Manuscript accepted for publication March 25, 2014
Short title: Vitamin D Metabolism and Bone Development
doi: https://doi.org/10.14740/jem212w

Abstract▴Top 

Background: Multipotential precursor cell lines derived from human bone marrow, capable of differentiating into cartilage or bone, may provide a useful tissue development model for studying the regulation and metabolism of putative growth and differentiation factors necessary for tissue regeneration. In mammals, the process of bone development depends on the proliferation and differentiation of osteoblast lineage cells, and the subsequent synthesis and mineralization of bone extracellular matrix (ECM). Vitamin D metabolites play a pivotal role in bone and mineral homeostasis, and are positive factors on bone development. Recently, it was demonstrated that a human-derived engineered osteoblast precursor cell line (OPC1), derived from human bone marrow, can metabolize the parental precursor vitamin D3 (vitaD3) to the active steroid 1α,25-dihydroxyvitamin D3 (1,25OH2D3), and elicit an osteogenic response that results in the decrease in proliferation and increase in ECM synthesis during early bone development. The aim in this study is to characterize gene expression, matrix production and mineralization within a bone development model.

Methods: We investigated whether vitaD3 influences bone ECM mineralization in the same manner as 1,25OH2D3in confluent cultures of OPC1s. In addition, we explored the influence of vitamin D metabolites, in combination with other commonly used osteogenic factors, ascorbic acid, β-glycerophosphate, dexamethasone (dex) and recombinant human bone morphogenetic protein-2 (rhBMP-2) on the osteoinduction of OPC1.

Results: It was demonstrated that OPC1 expresses the mRNA for the enzymatic equipment necessary to convert vitaD3 to 1,25OH2D3, as well as the mRNA expression of the catabolic enzyme known to regulate the concentration of active 1,25OH2D3. It was also demonstrated that mRNA expression for the vitamin D receptor (VDR) was influenced by both vitaD3 and 1,25OH2D3. Differential results using vitamin D metabolites in combination with ascorbic acid, β-glycerophosphate, dex and/or rhBMP-2 were observed in alkaline phosphatase (ALP) activity and calcium deposition, and mRNA expression of procollagen type I (proColI), osteocalcin (OC) and osteopontin (OP).

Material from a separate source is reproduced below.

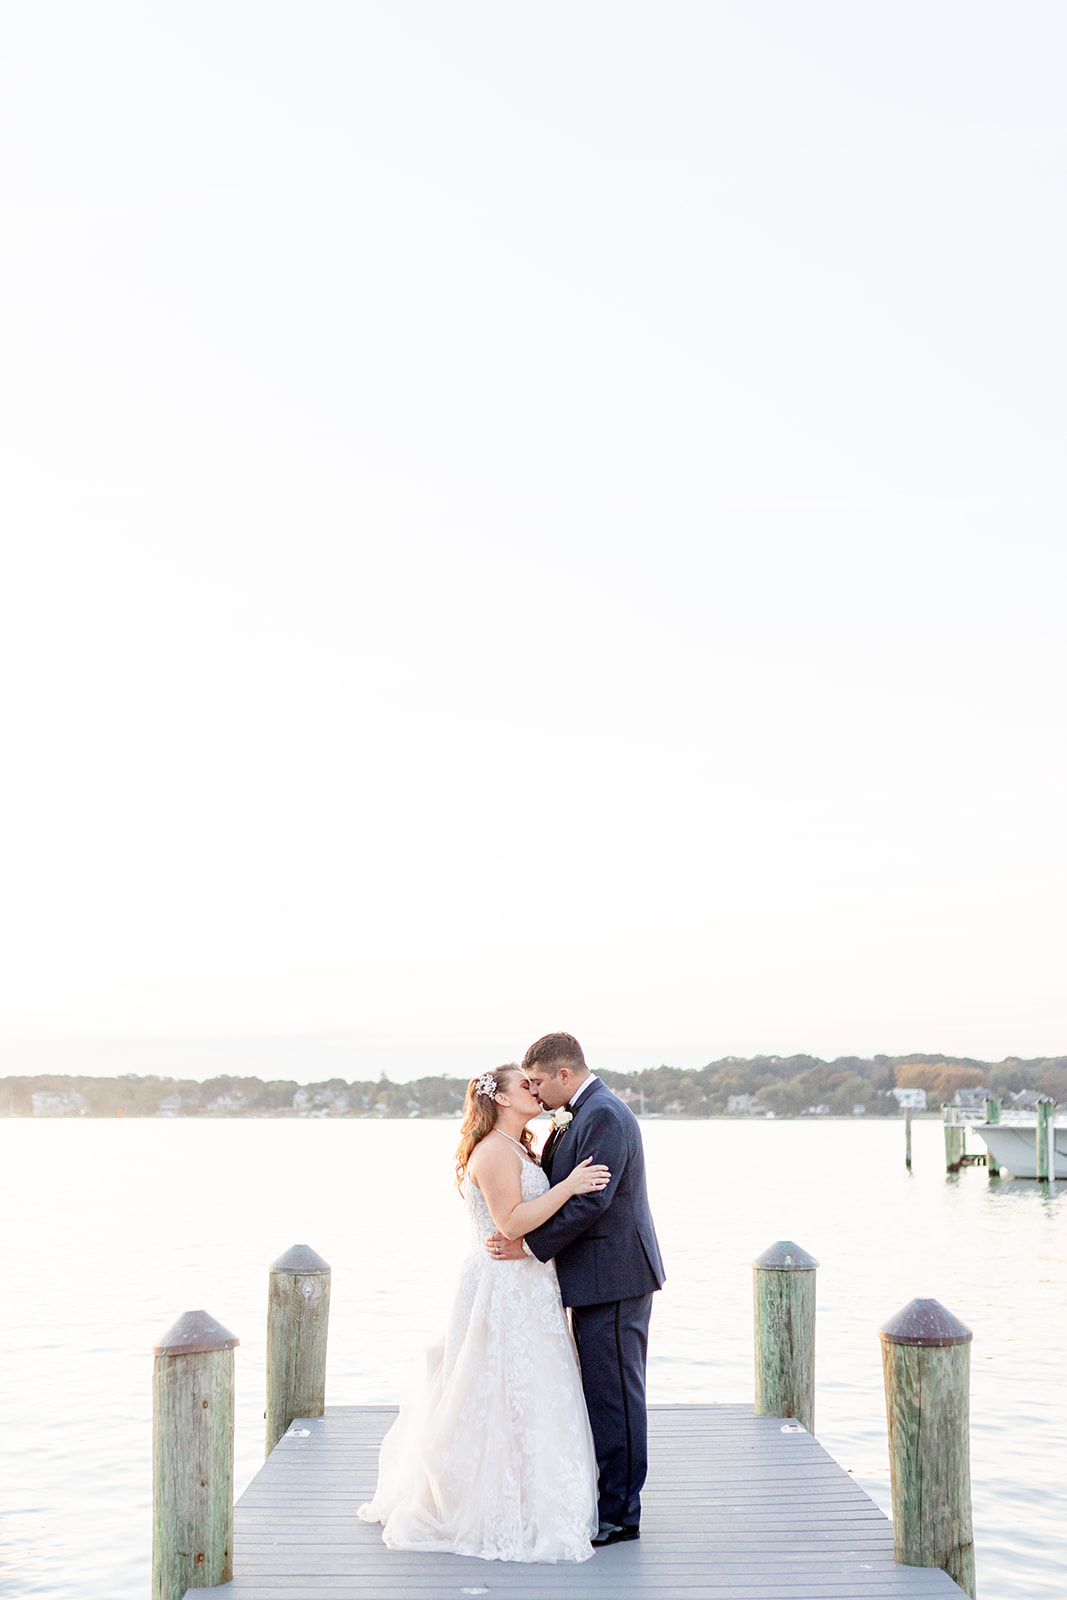 Newlyweds kiss on a lake dock at sunset

Conclusions: Overall it was demonstrated that vitamin D in combination with osteogenic factors influences the temporal bone development sequence in a positive manner.

Keywords: Cell and tissue engineering; Osteoinduction; Osteogenic factors; Stem cells; Mesenchymal stromal cells; Cholecalciferol; Calcitriol

Introduction▴Top 

Most of the load-bearing demand placed on the human body is transduced by skeletal tissue, and the skeleton’s capacity to articulate is essential for mobility and locomotion [1]. Consequently, cartilage and bone defects due to trauma, disease and developmental abnormalities may result in severe disabling pain and immobility for millions of people worldwide [2]. Multipotential precursor cell lines derived from human bone marrow, capable of differentiating into cartilage or bone, may provide a useful tissue development model for studying the regulation and metabolism of putative growth and differentiation factors necessary for tissue regeneration.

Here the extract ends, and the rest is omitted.